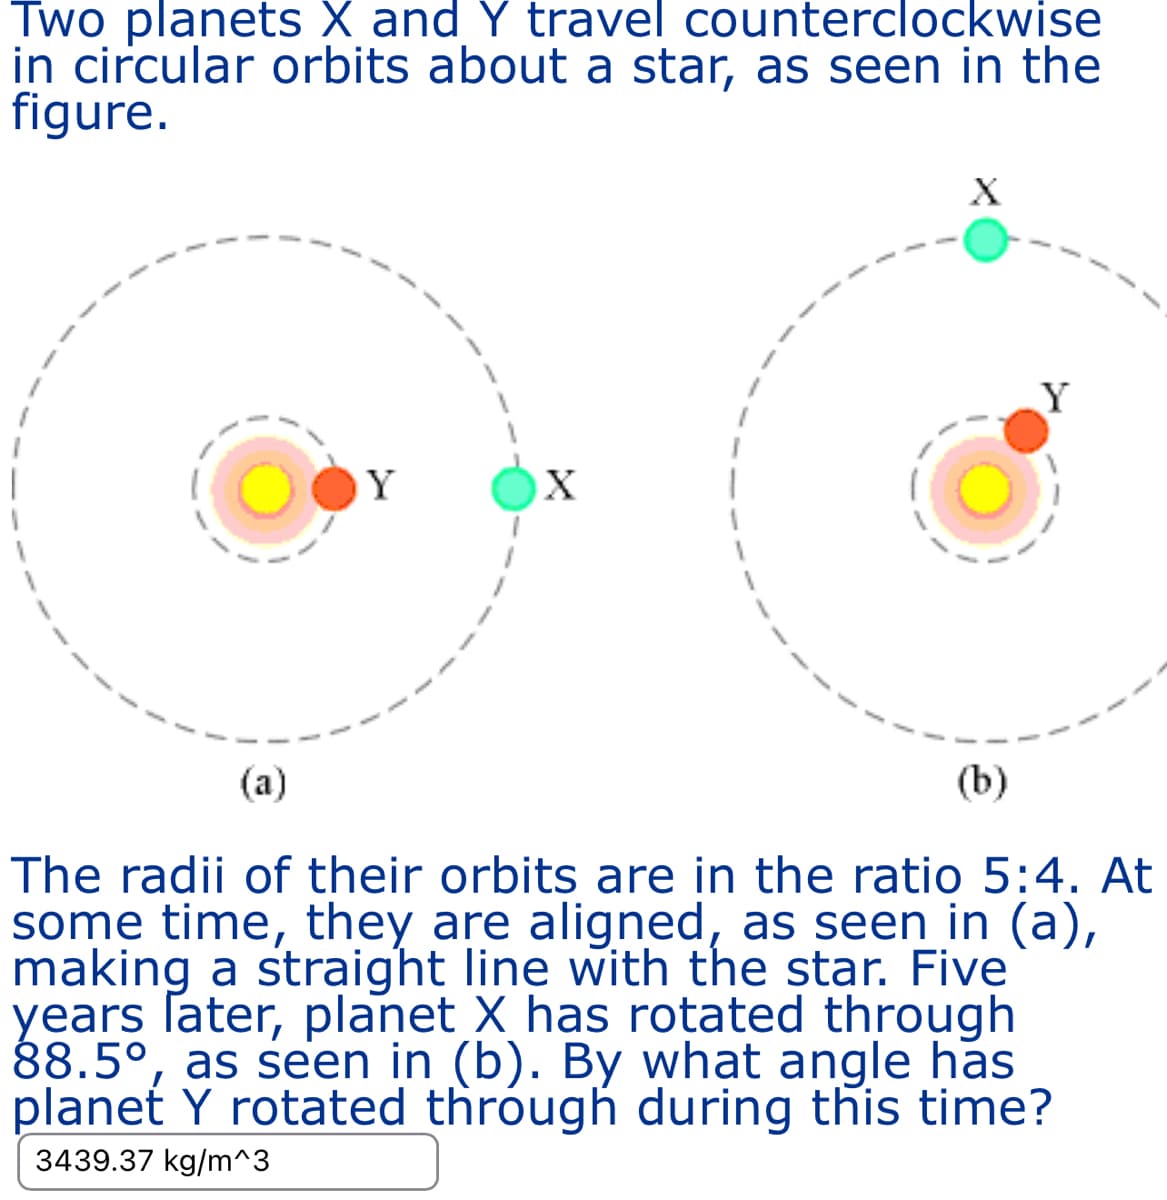 Two planets X and Y travel counterclockwise
in circular orbits about a star, as seen in the
figure.
Y
X
Y
(a)
(b)
The radii of their orbits are in the ratio 5:4. At
some time, they are aligned, as seen in (a),
making a straight line with the star. Five
years later, planet X has rotated through
88.5°, as seen in (b). By what angle has
planet Y rotated through during this time?
3439.37 kg/m^3
━━━
Exercise prompt –
Look through the records and copy down every line that holds "rotated".

Output –
years later, planet X has rotated through
planet Y rotated through during this time?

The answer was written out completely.